Юноша прокашлялся. Он хотел всего лишь освободить пленника и вовсе не стремился стереть дикарей с лица земли. Пальцы ударили по струнам, над лесом раскатились первые аккорды, и Джон-Том запел, стараясь придерживаться той манеры исполнения, которой прославился когда-то Оззи Осборн.

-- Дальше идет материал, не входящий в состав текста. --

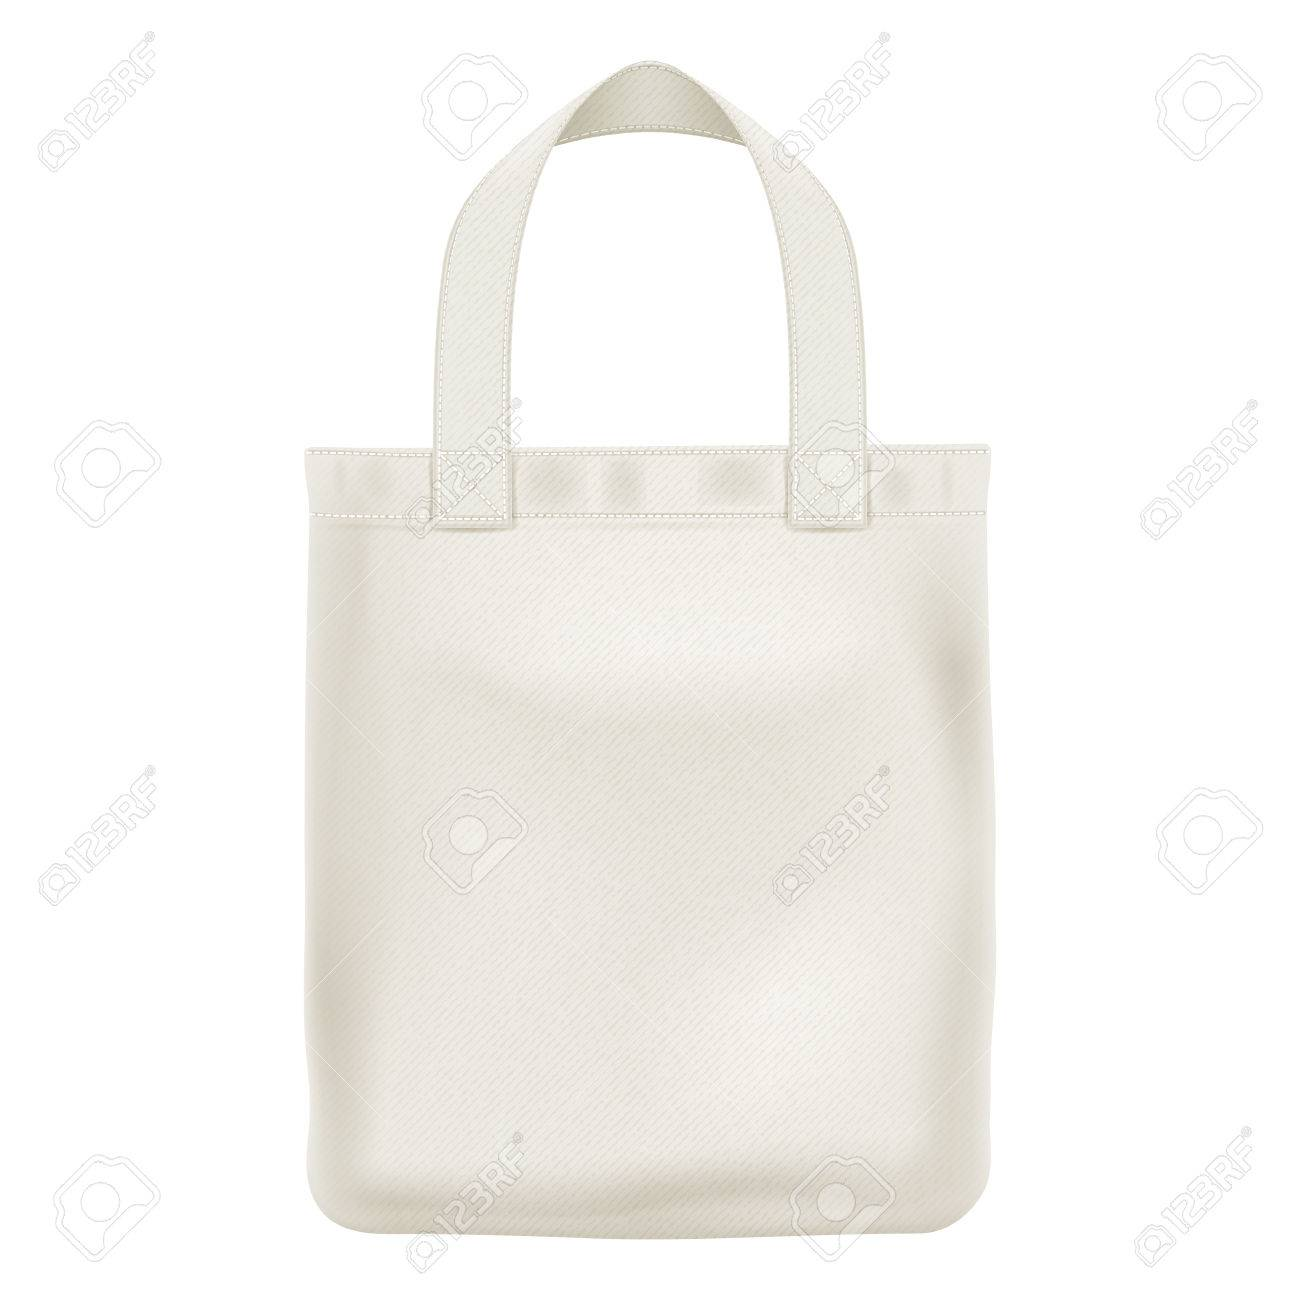 Eco textile tote shopper bag vector illustration. Good for branding design. - 59873219
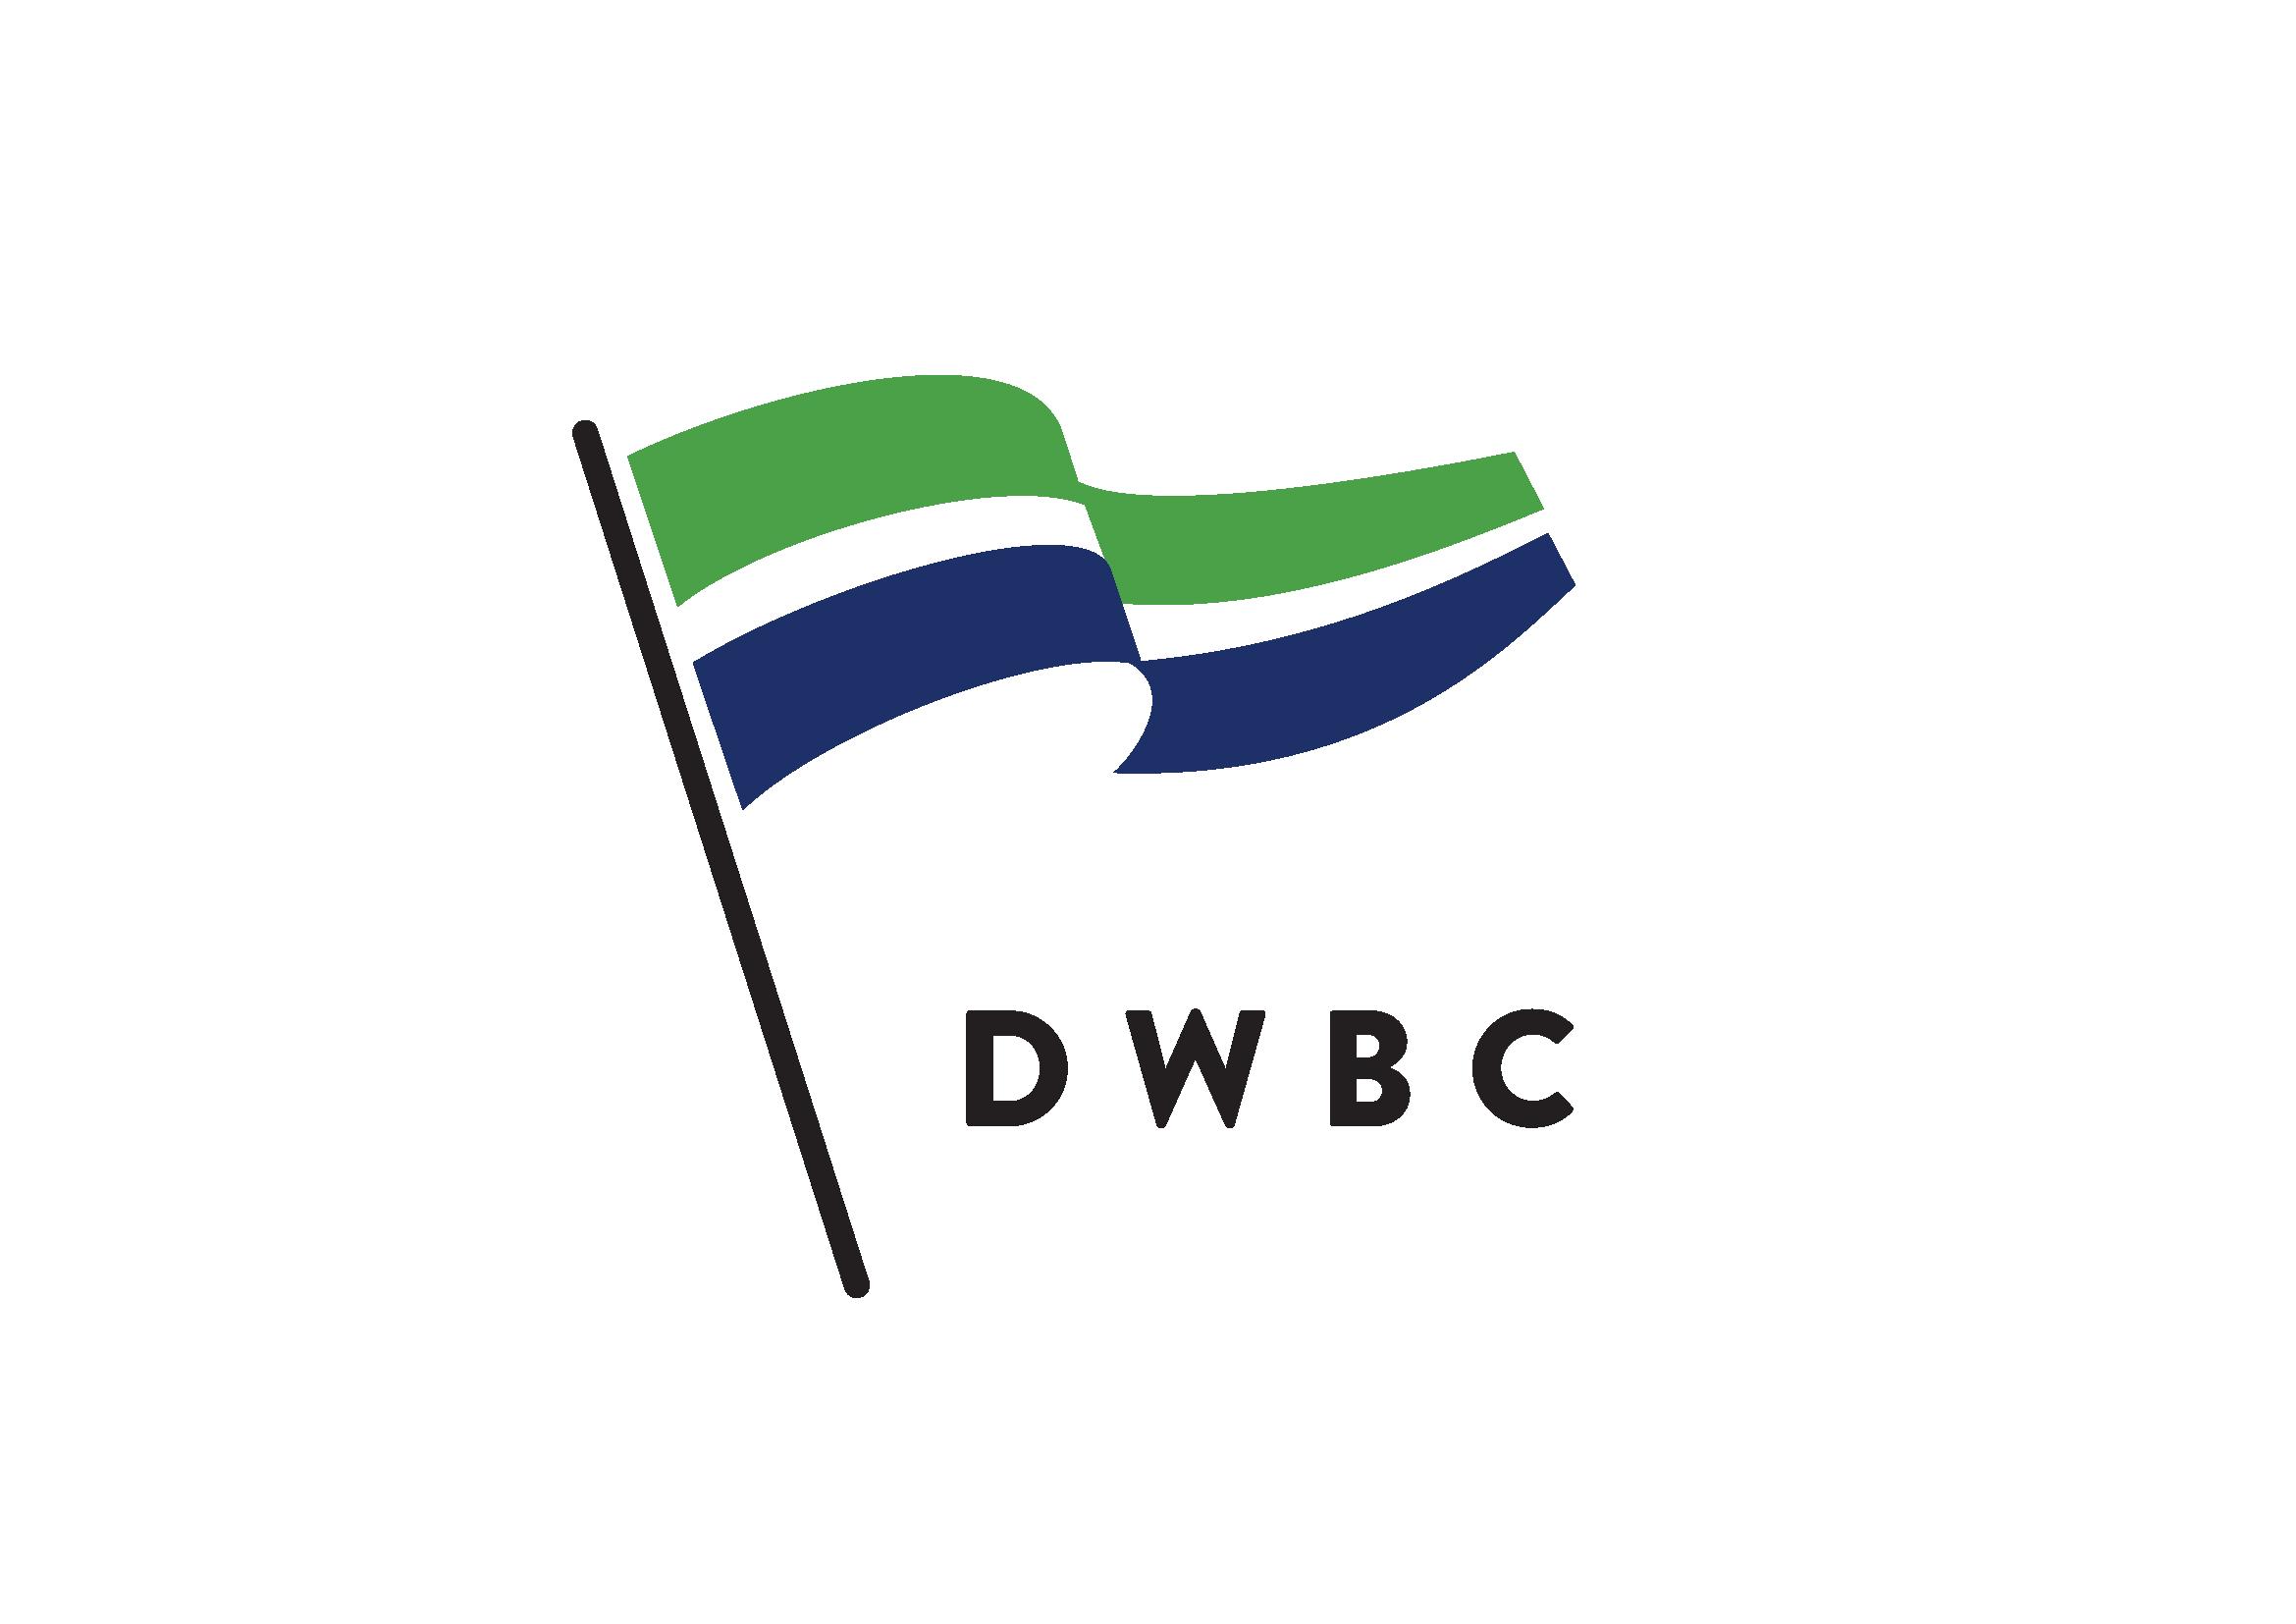 DWBC_Full_Colour.png

Результаты не замедлили сказаться. Палочки замерли на полпути к барабанам. Посвистывание флейт и грохот тамбурина мгновенно прекратились. Голоса певцов смолкли, и все, кто находился в долине, уставились на диковинную фигуру, что возникла вдруг из тумана на вершине холма.
Джон-Том предполагал, что его парафраз музыки дикарей парализует каннибалов. Однако ничего подобного не произошло. Впрочем, хотя лесовиков явно не зачаровали раскаты тяжелого металла, срывавшиеся со струн дуары, дикари, к немалому облегчению юноши, не кинулись гурьбой на холм, размахивая своими дубинками. Правда, они побежали, но – в противоположном направлении, роняя дубинки, копья и прочее вооружение.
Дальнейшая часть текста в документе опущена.